Risk Factors for Acute Kidney Injury following TA-TAVI or Minimally Invasive Aortic Valve Replacement: Which Procedure Is Less Kidney Damaging in Elderly Patients?
07. Januar 2014
20. Februar 2014
15. Juli 2014 (eFirst)
Background Acute kidney injury (AKI) represents a major complication following aortic valve replacement in elderly patients. The aim of this study was to determine possible risk factors for AKI and to find the ideal strategy, minimally invasive valve replacement (MIS-AVR) or transapical valve implantation (TA-TAVI), regarding the postoperative renal outcome.
Methods A total of 133 patients (age ≥ 75 years, 67 male) with severe aortic stenosis were included over 2 years: 42% were treated with MIS-AVR, 58% underwent TA-TAVI procedure. AKI was considered as a postprocedural 1.5× increase in creatinine or an increase of > 0.3 mg/dL/48 hours. Group differences were tested with chi-square or t-test.
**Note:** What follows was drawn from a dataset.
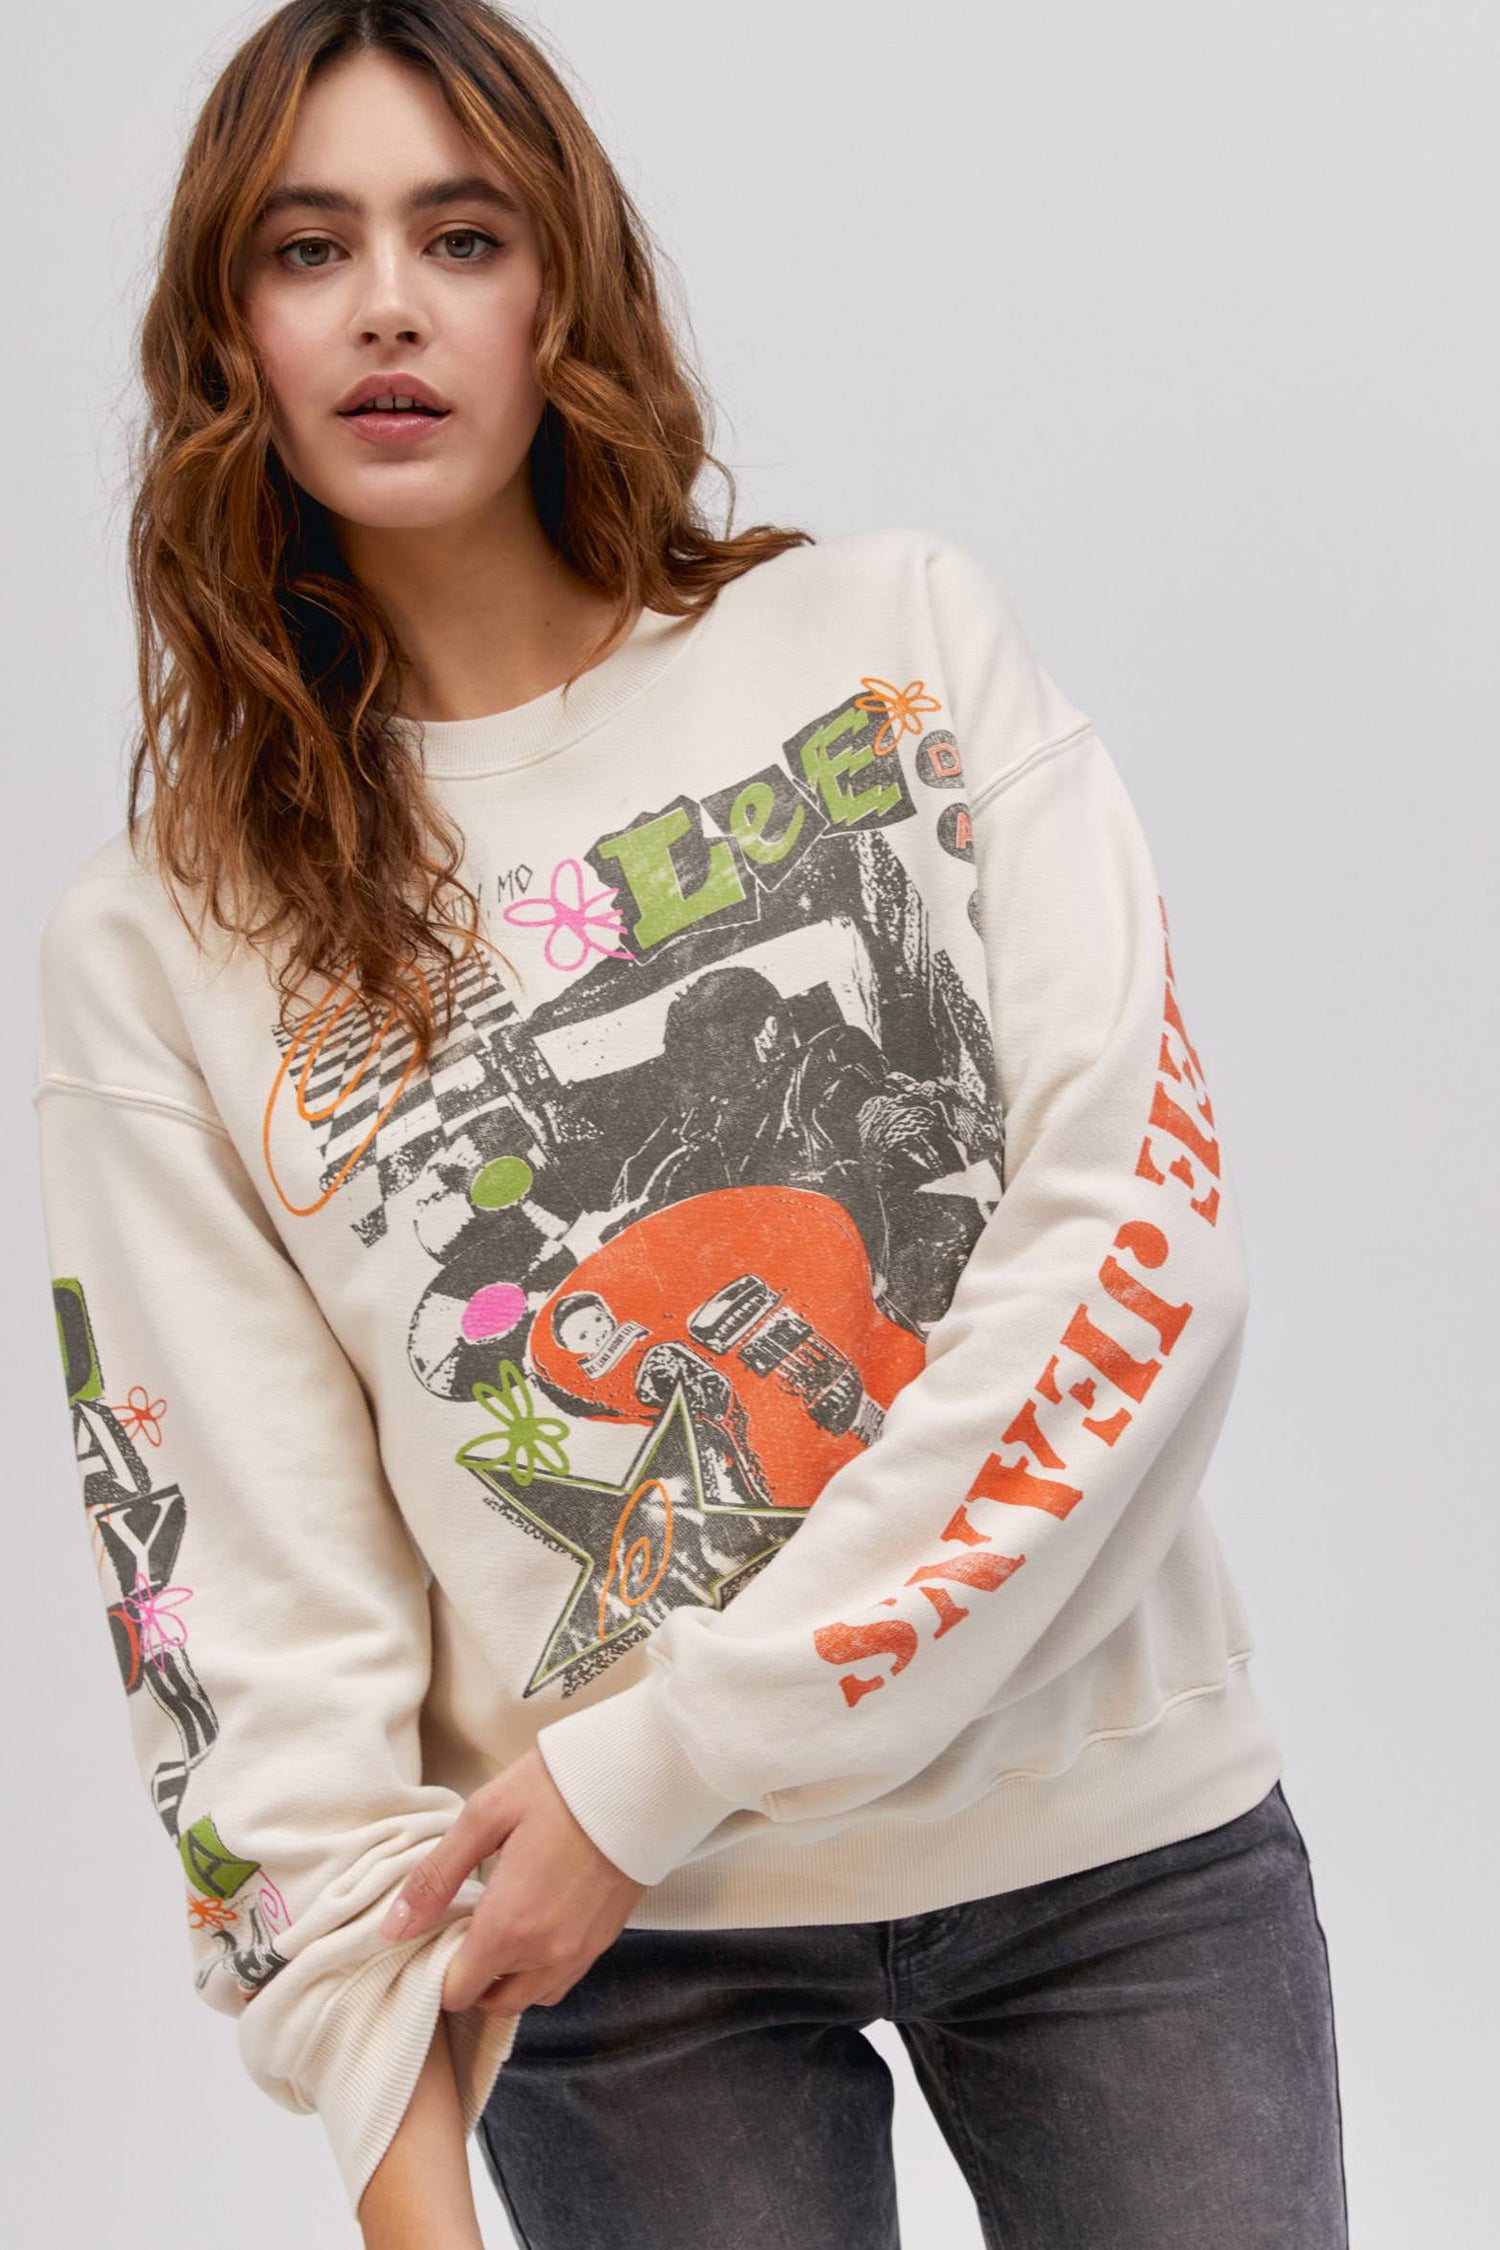 long haired model posing and wearing an off white colored sweatshirt with washed graphics

AKI risk assumption was analyzed in multiple multivariate logistic regression models.
Results EuroSCORE II–related risk assumption was 8.7 ± 6.9 for TA-TAVI and 4.5 ± 5.7 for MIS-AVR (p < 0.001). The overall 30-day survival rate was 93%. Fifty-eight patients developed a risk for AKI and 13 developed a manifest renal injury/failure. Logistic regression analysis revealed a higher AKI risk for TA-TAVI (odds ratio, OR = 2.58; 95% confidence interval, CI = 1.18, 5.63; p = 0.017). EuroSCORE II (OR = 0.98; 95% CI = 0.92, 1.04; p = 0.433); preoperative creatinine (OR = 1.78; 95% CI = 0.67, 4.77; p = 0.249) and estimated glomerular filtration rate (OR = 1.00; 95% CI = 0.97, 1.02; p = 0.655) had no impact on AKI. A regression model adjusting for the variables age, gender, body mass index (BMI), diabetes, and procedure type revealed a higher AKI rate for male gender (OR = 2.41; 95% CI = 1.13, 5.11; p = 0.022). Operation time and radio-contrast media volume had no influence on the AKI-occurrence. There was no correlation between AKI and early mortality.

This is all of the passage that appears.